Settlement lets OHA access some Stryker training areas

November 18, 2008

Settlement lets OHA access some Stryker training areas

Deal with Army aims to ensure protection of cultural resources

By William Cole
Advertiser Military Writer

The Office of Hawaiian Affairs and the Army have settled OHA’s 2006 federal lawsuit claiming the Army failed to protect Native Hawaiian cultural resources when it brought the Stryker brigade to the state.

OHA representatives, along with an archaeologist, will be able to survey certain Stryker training areas at Schofield Barracks, Kahuku and Pohakuloa as a result of the agreement, the state agency announced yesterday.

Through the surveys, OHA said it and Army representatives “aim to ensure the appropriate identification and treatment of cultural and historic resources located in Lihu’e, the traditional name for the Schofield Barracks region,” as well as other parts of Hawai’i.

The settlement means the Army can put behind it another legal case involving the $1.5 billion Stryker brigade of 4,000 soldiers and about 328 of the armored eight-wheeled vehicles.

The unit is deployed to Iraq. The soldiers and vehicles are expected back in Hawai’i in February or March.

“This agreement will afford OHA the opportunity to have a firsthand look at important cultural resources that would not otherwise be accessible to the general public, and to determine whether they were fully addressed in the Army’s prior surveys of areas affected by Stryker activities,” OHA chairwoman Haunani Apoliona said in a statement yesterday.

Col. Matthew T. Margotta, commander of U.S. Army Garrison, Hawai’i, said the Army values the “spirit of cooperation and communication with OHA.”

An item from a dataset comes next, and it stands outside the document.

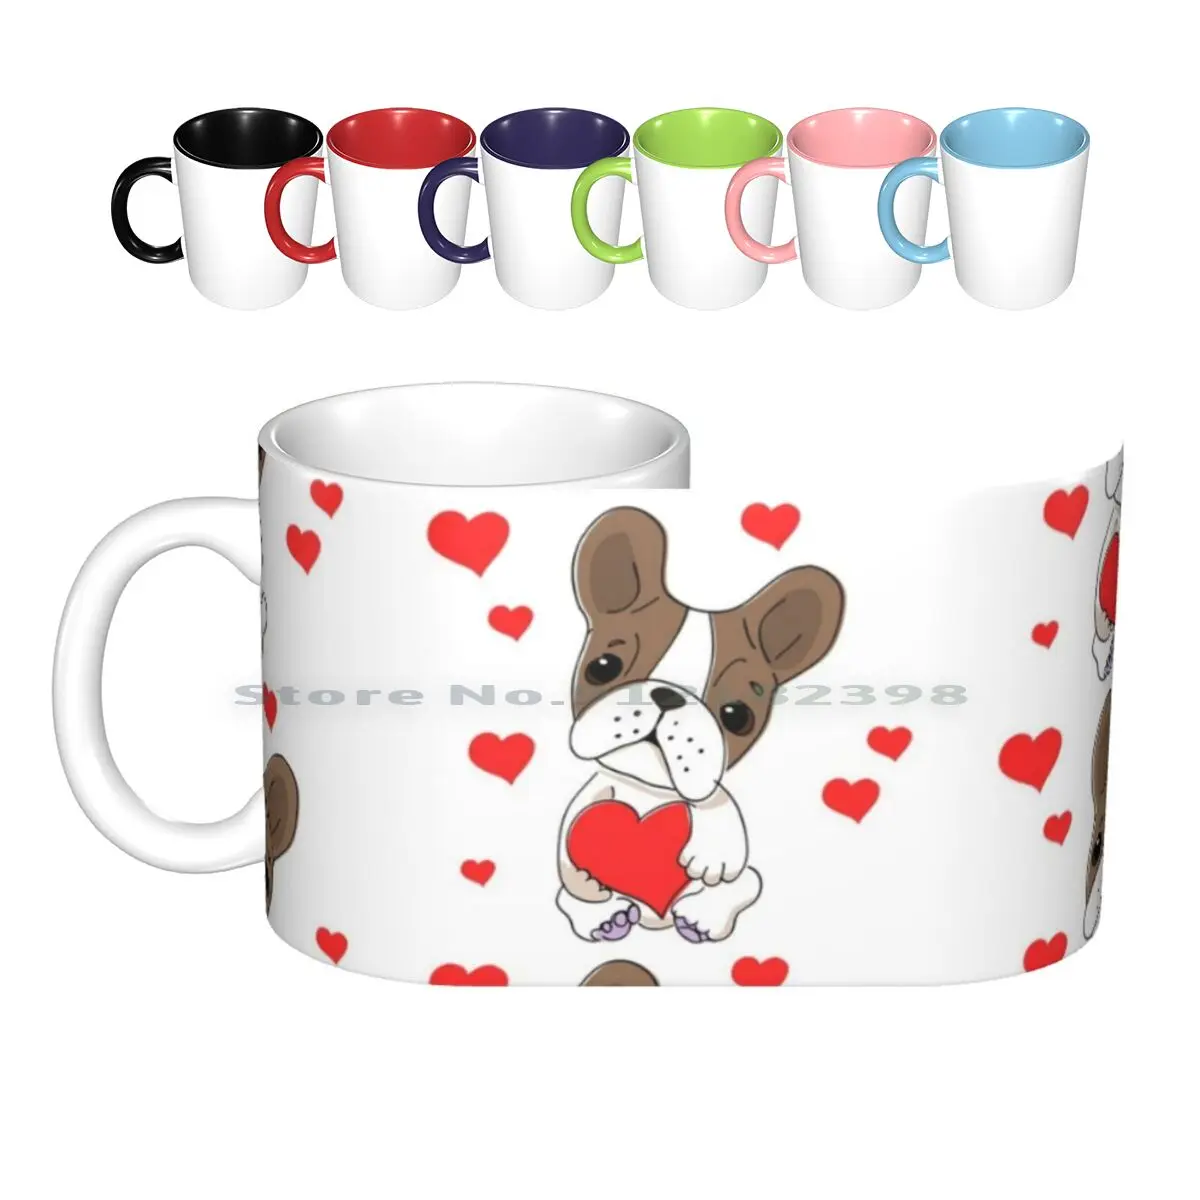 Pugs With Heart Ceramic Mugs Coffee Cups Milk Tea Mug Heart Hearts Pug Valentine Dog Dogs Funny Cute Popular February 14 Cool

Margotta added that the agreement will “build upon our existing robust programs to identify and care for these cultural and historical resources, while balancing the need for soldier training.”

When it filed the lawsuit, OHA said cultural monitors had been partly responsible for the discovery of historically significant sites and burial grounds that were overlooked by the military’s archaeologists.

On July 22, 2006, an unexploded-ordnance removal crew bulldozed across a buffer protecting Hale’au’au heiau at Schofield, according to cultural monitors hired by the Army.

OHA also said there were other incidents involving displacement and damage of petroglyphs, the filling of a streambed known to contain Native Hawaiian sites and the construction of a road over burial grounds.

The Army in 2001 decided to base a Stryker unit in Hawai’i, and started about $700 million in construction projects.

Based on a separate federal lawsuit, a federal appeals court ruled in 2006 that the Army had not adequately examined alternative locations outside Hawai’i for the fast-strike unit, and ordered the Army to do so.

The decision temporarily halted one of the biggest Army projects in the Islands since World War II.

The end of that lawsuit brought the resumption of about six construction projects related to the Stryker brigade. Work is projected to continue through 2017.